Similarly I think "single experiments diverge significantly" sums the experimental results correctly.
"In addition such models assume ..." I agree with this general comment, and I changed this paragraph to reflect these comments.
Reviewer 2
a)PCA - see response to reviewer 1
b) I added an original citation for BCM
c) Accepted, thanks
d) As described above, I did keep the phenomenological models discussion short, because of space limitations and because other articles cover these types of models (BCM, PCA, and part of STDP).
e) Thanks
f) I can add a continuous curve to 1i, but I think this will be better paced in an STDP article.
g) In the experimental literature, as well as in Fig 1d-f of this article a pairing protocol is one in which the postsynaptic cell is depolarized while a low frequency stimulus is presented presynaptically. However, since this terminology is indeed confusing, I changed the text in this sentence.
Reviewer 3
Regarding the general comments see above.

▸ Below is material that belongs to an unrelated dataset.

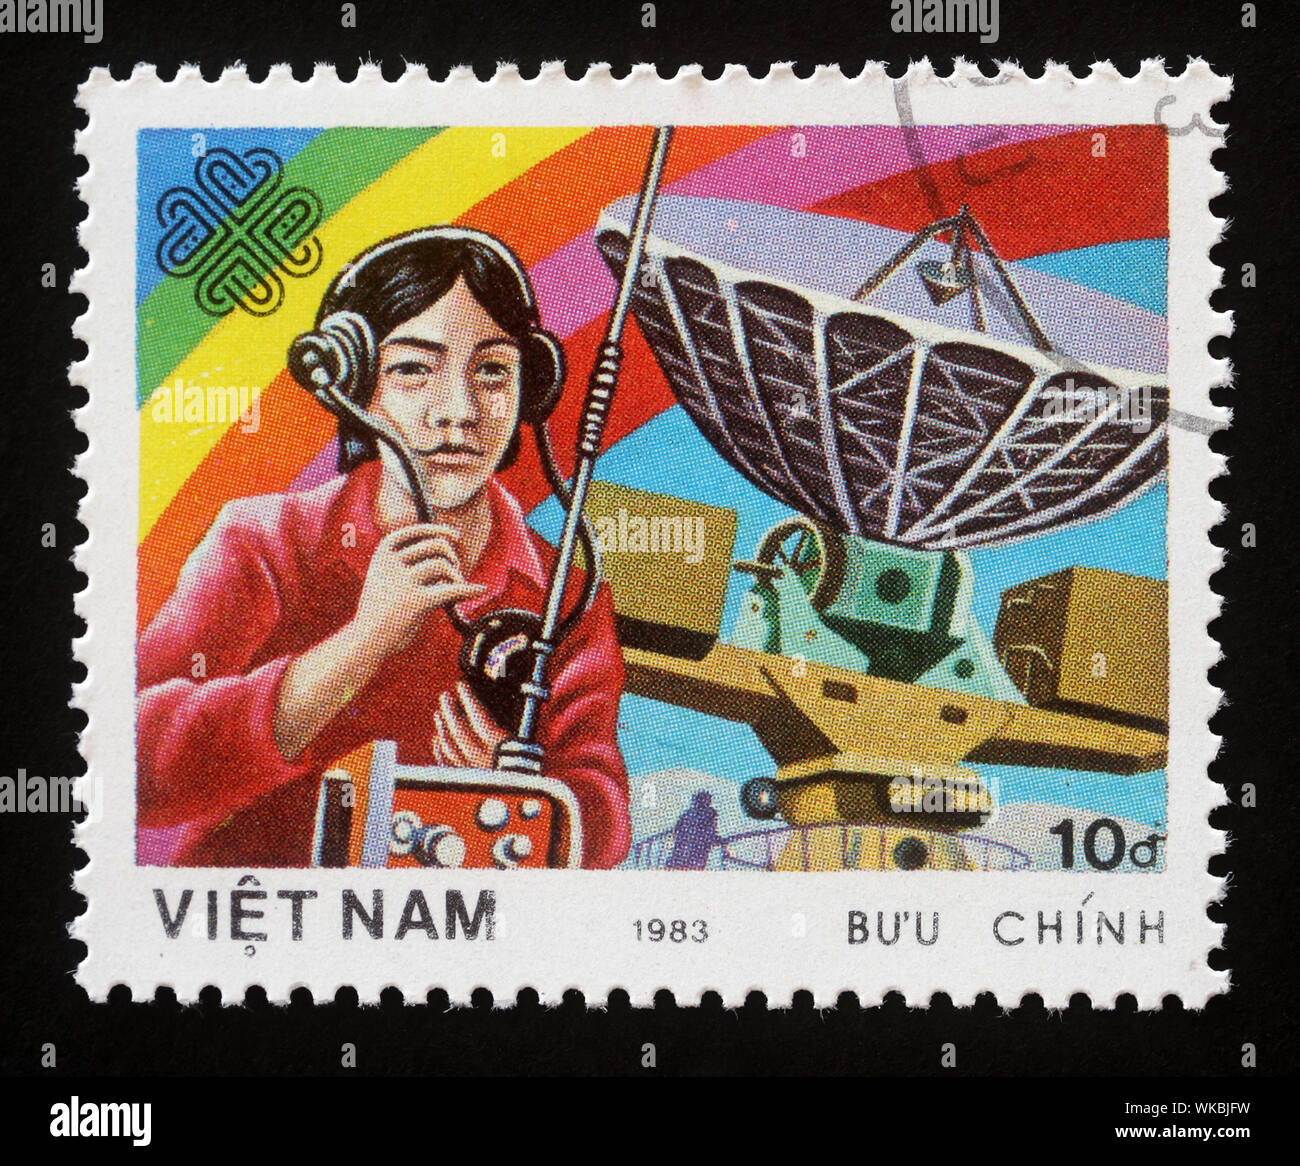 Stamp printed in Vietnam shows Radiooperator and antenna, World Communication Year, circa 1983. Stock Photo

specific comments: a) I added a reference to the original BCM (1982) and to Sejnowski (1977). Again, I had these papers in the first drafts, but cut them out to reduce the number of references. I hope the editors do not know how to count :)

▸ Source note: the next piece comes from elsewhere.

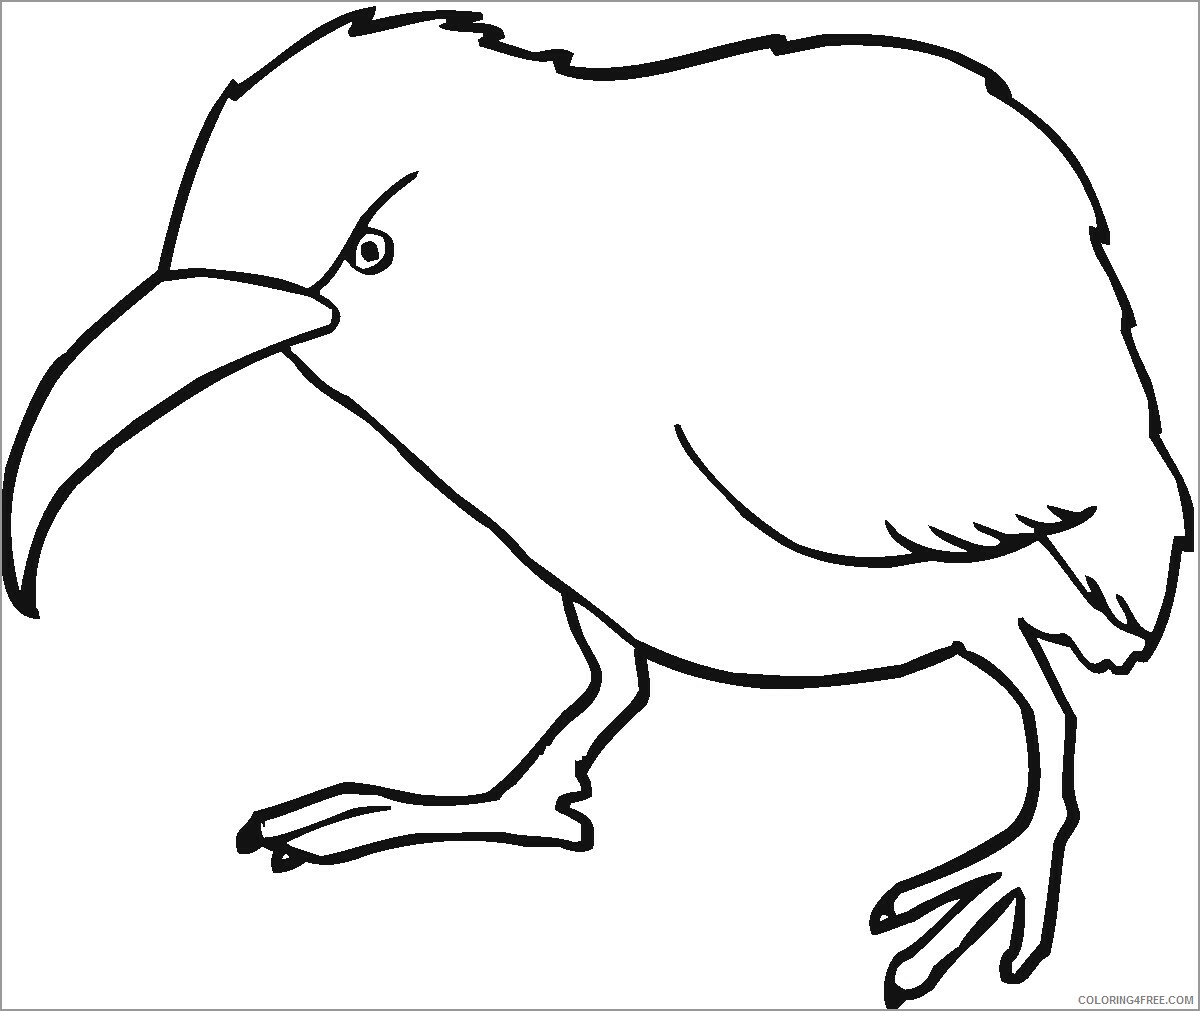 Kiwi Coloring Pages Animal Printable Sheets kiwi for kids 2021 3031 Coloring4free

b) Limitation of spike timing based models. I added a paragraph to reflect these concerns at the end of the spike timing dependent models subsection.
c) There are several concerns here. The first is that I talk mostly about my own work. I think I cite other similar work as well, and bring my work as an example of this approach, but I do cite other similar works. In the new version I cite more. Second "... specify what kind of long term modification ..." I agree that there are many types of long term plasticity, that differ between systems, layers, specific synapses. In a research article it would eb best to account for one type. However, since this is a broad review, I do not want to restrict myself to one system etc. I included new text in the paper to explain these points. Third, pre vs. post site of expression. This is very important, but I don't think I have space to do this issue justice and in addition this is a review of models, and models of plasticity have to the best of my knowledge not addressed this issue explicitly.
d) There is plasticity that does not depend on back spikes, for example pairing induced plasticity, and possibly low frequency induced LTD. In addition there might be local spike events that do not originate in the soma. Biophysical models have indeed modeled some plasticity in the absence of back spikes, and it will not be difficult to model plasticity in a compartmental model due to local spikes. However, 1. I do not have much space for this. 2. I am not sure if there are published models of plasticity due to local spikes, and remember this is primarily a review of models. However, I did include one sentence about this at the end of the spike timing dependent plasticity section, and another note when in the calcium dependent models section.
Reviewer 1 again: I'm happy with these changes -- nice article -- I'll hit accept but request you please fix the typos using a spell-check and make sure each sentence starts with a Capital etc. :-)
Reviewer 2 again: Shaped up nicely ... and I actually learned something new about PCA.